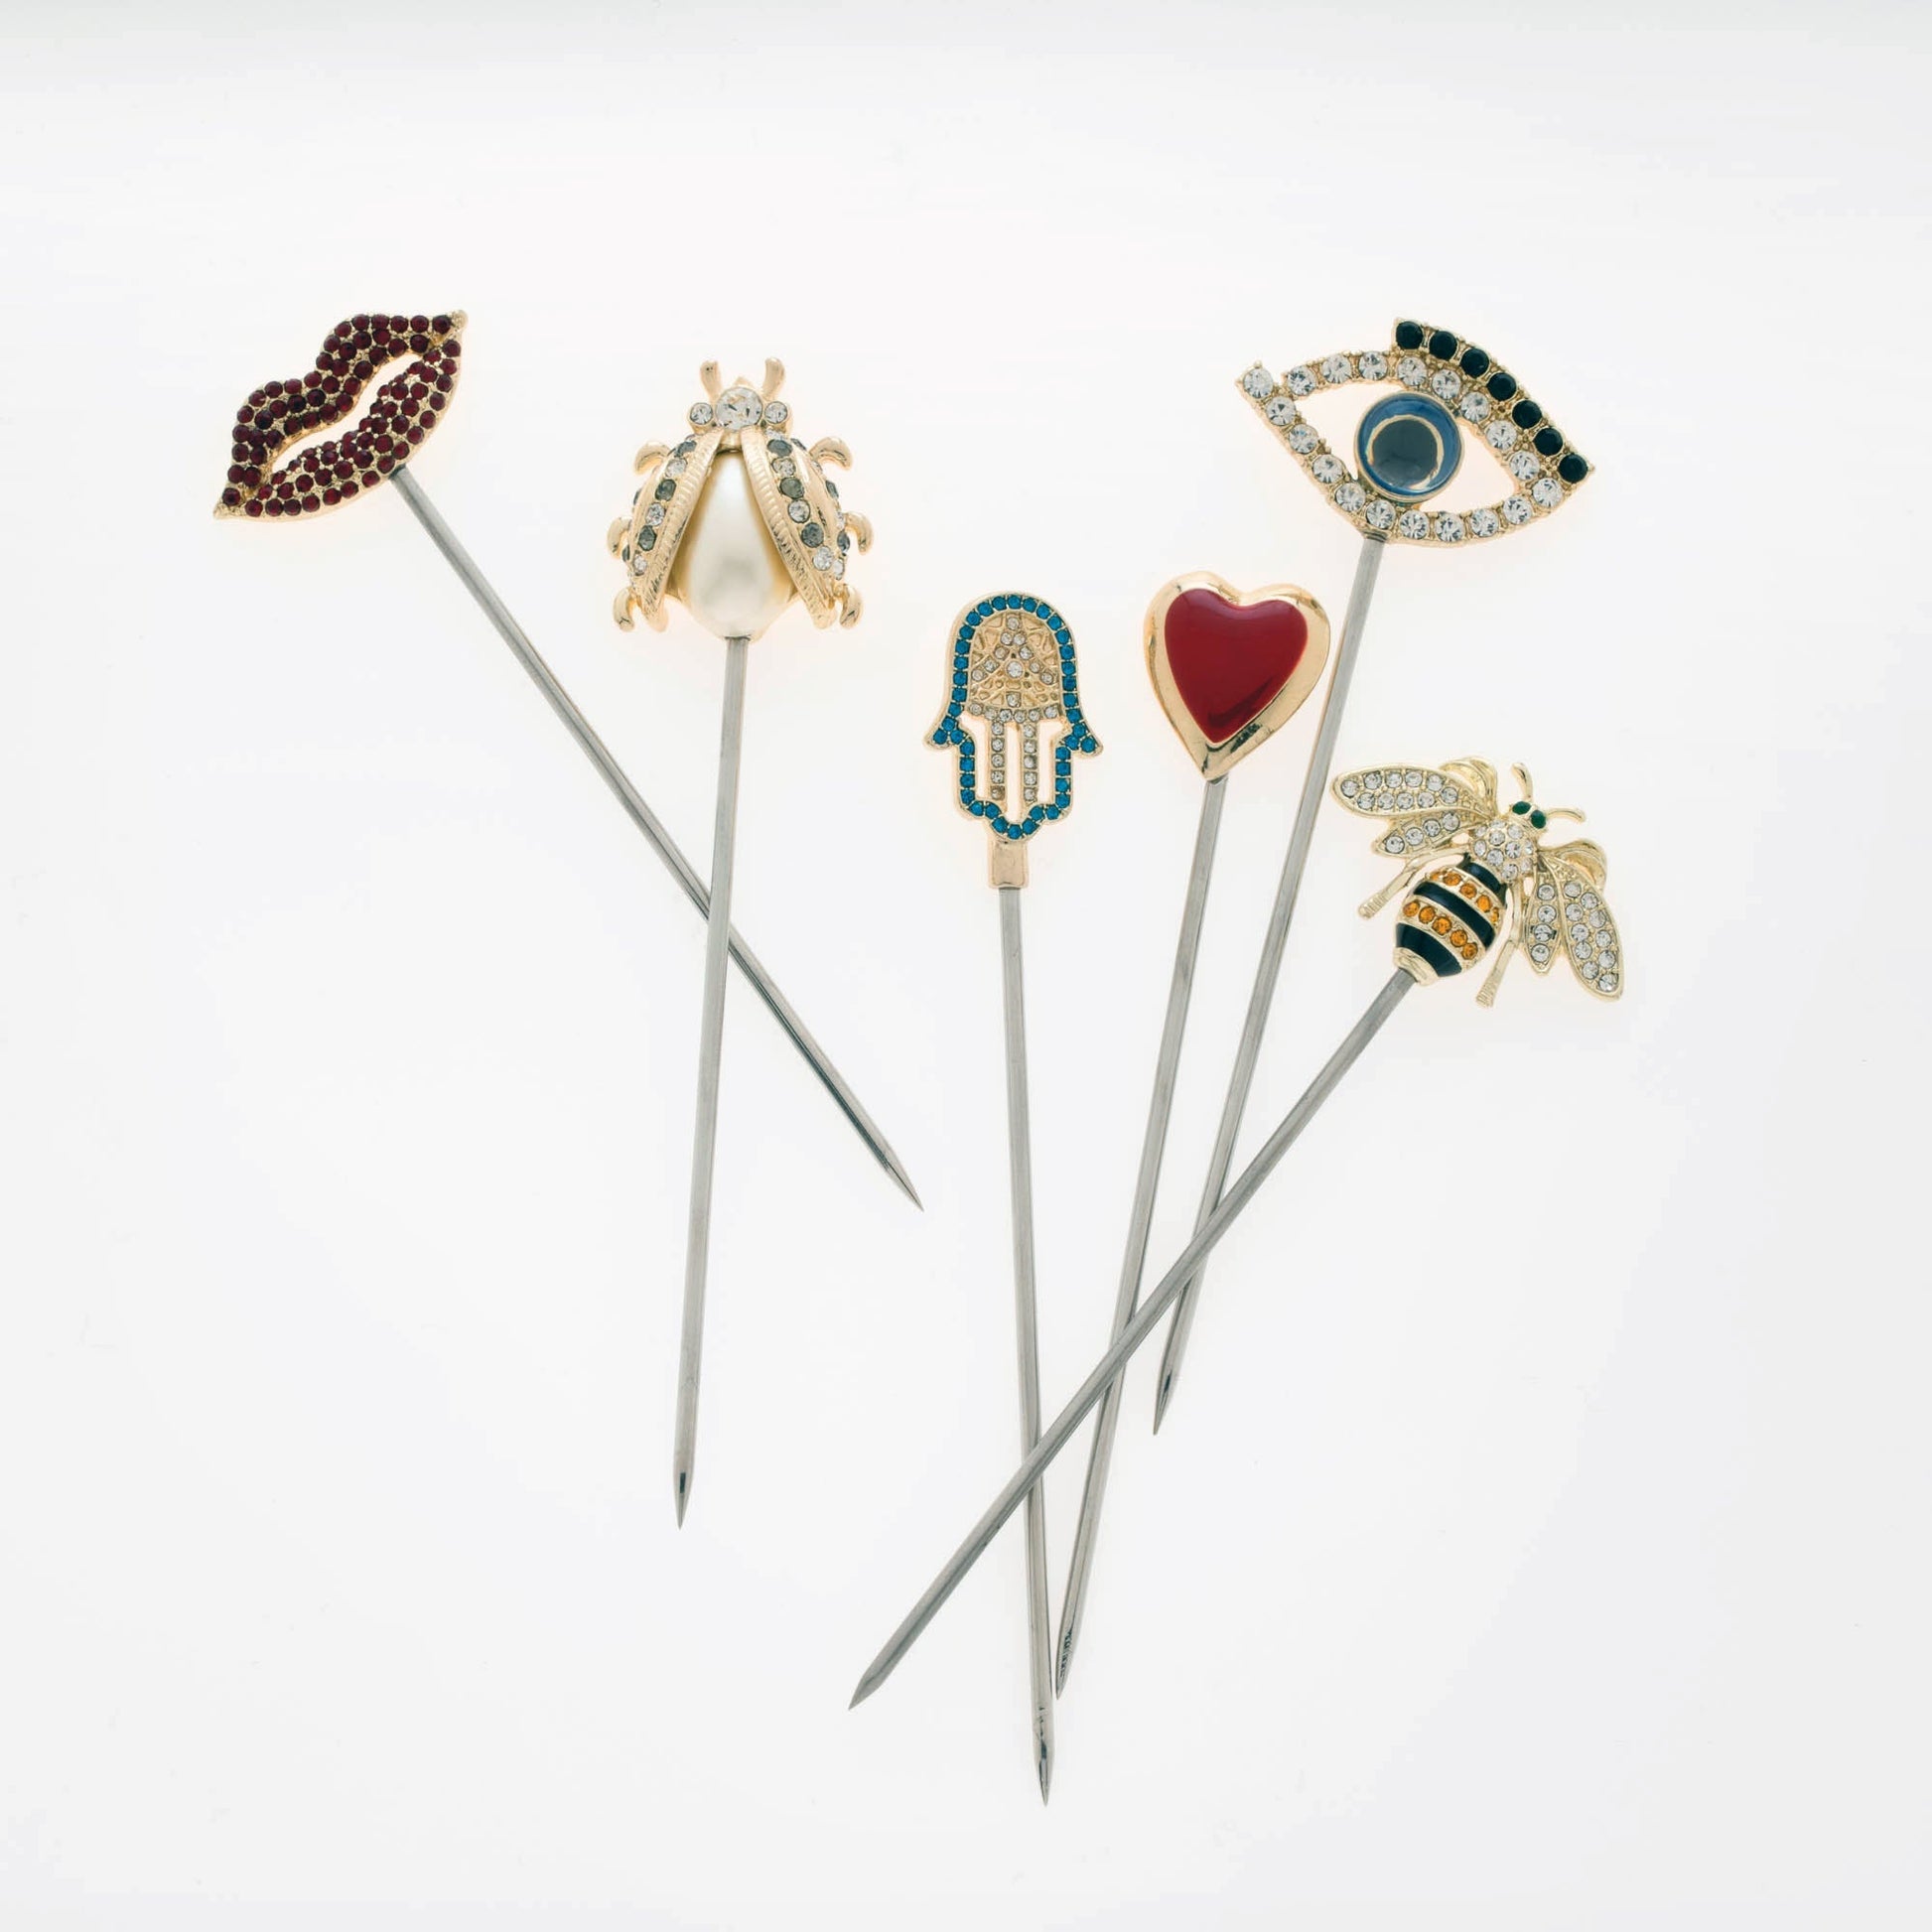 Lucky charm cocktail picks - HOUSE OF SHE
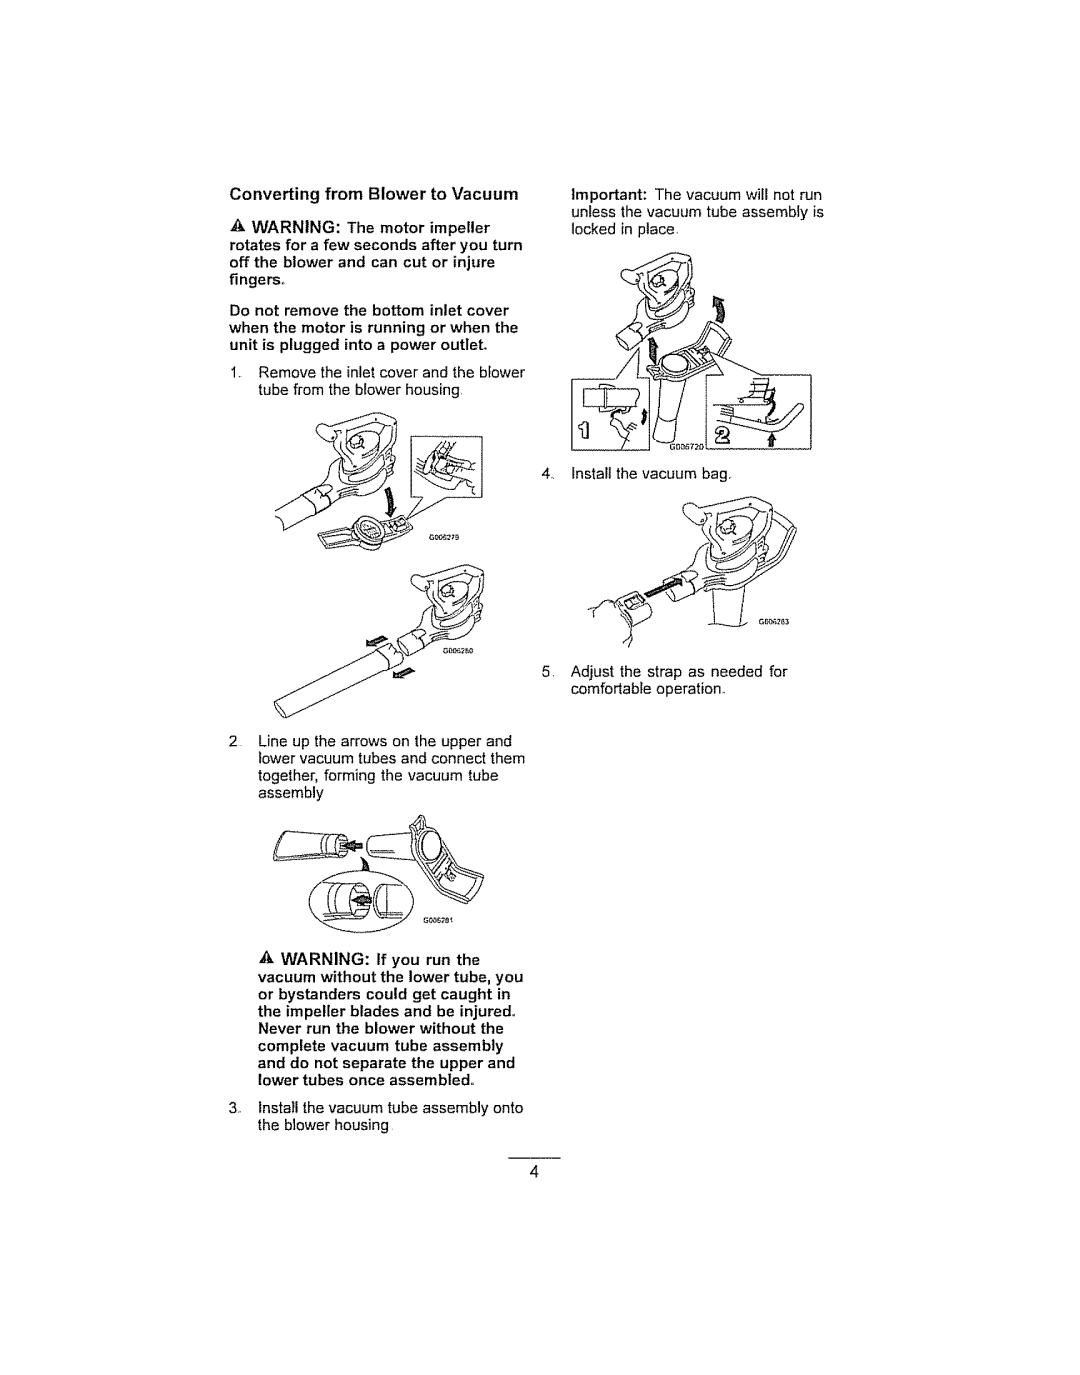 Craftsman 280030785 Converting from Blower to Vacuum, or bystanders could get caught in, Never run the blower without the 
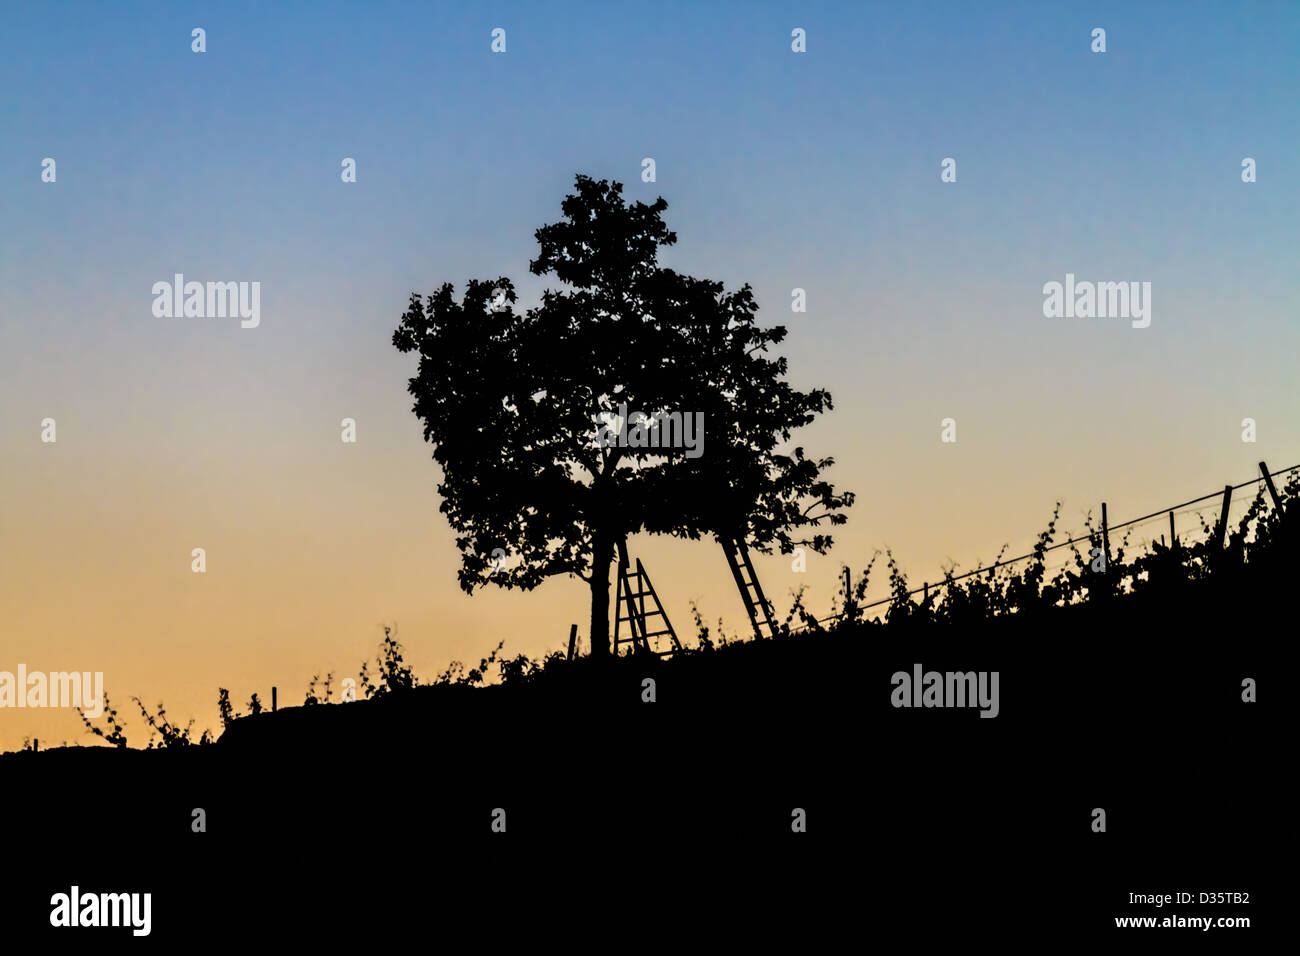 Beautiful landscape image with tree silhouette at sunset Stock Photo
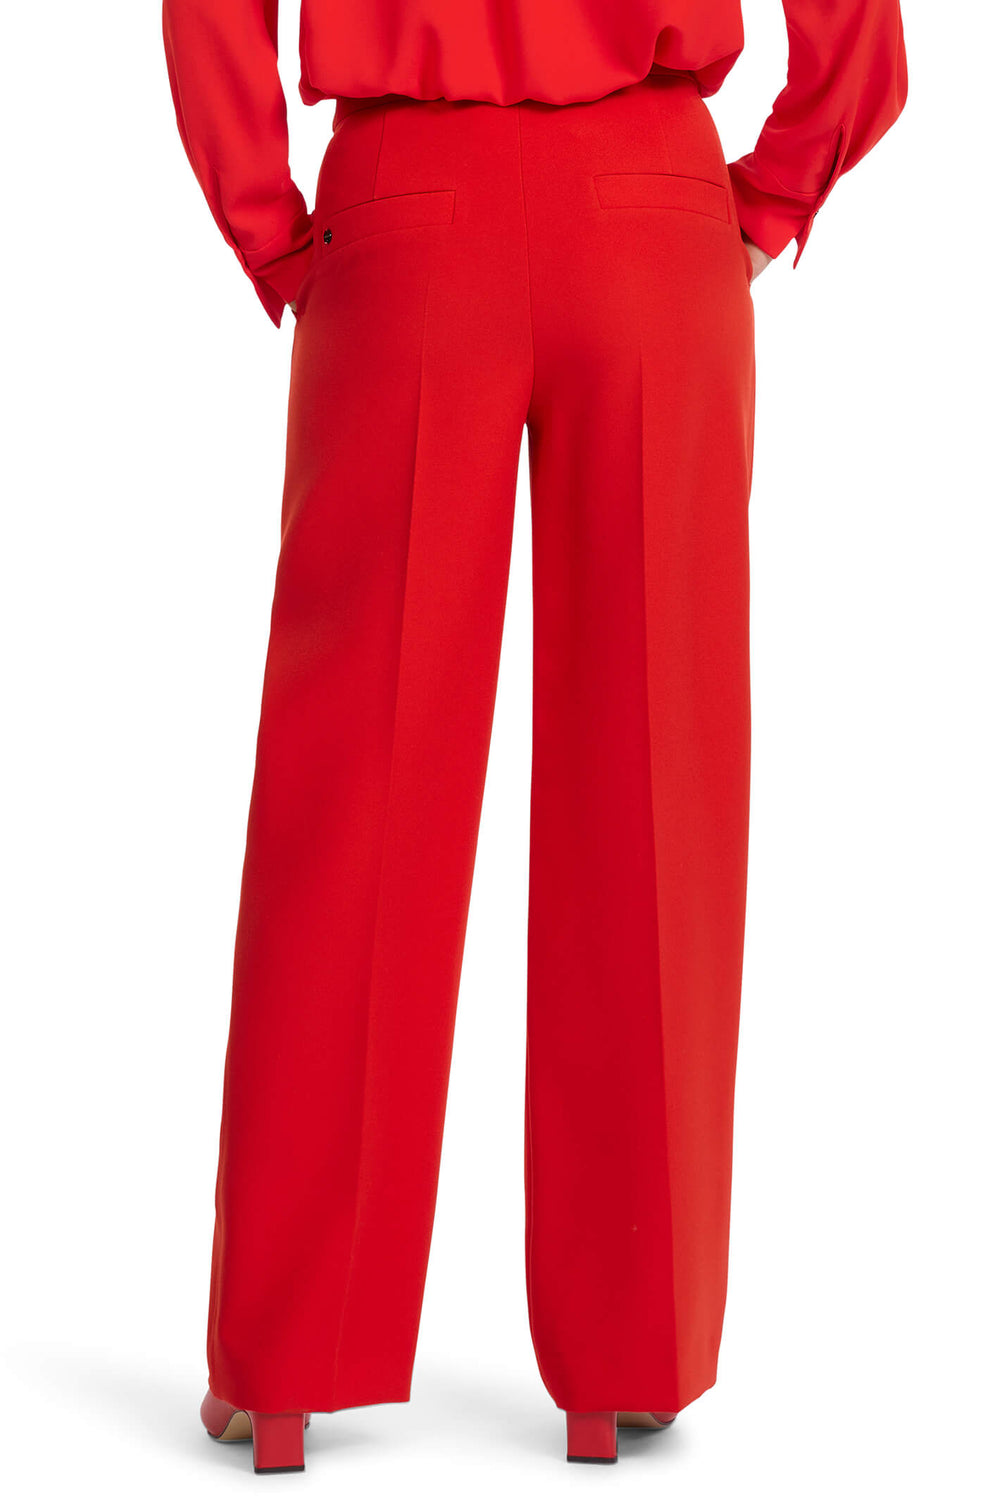 Marc Cain VC 81.52 W10 Red Wide Leg Trousers - Olivia Grace Fashion
+-------+
WHAT YOU NEED TO DO —
Reproduce the preceding material exactly, skipping pictures.

EXERCISE OUTPUT —
 Lucky charm cocktail picks - HOUSE OF SHE
 Craftsman 280030785 Converting from Blower to Vacuum, or bystanders could get caught in, Never run the blower without the 
 Beautiful landscape image with tree silhouette at sunset Stock Photo
 Marc Cain VC 81.52 W10 Red Wide Leg Trousers - Olivia Grace Fashion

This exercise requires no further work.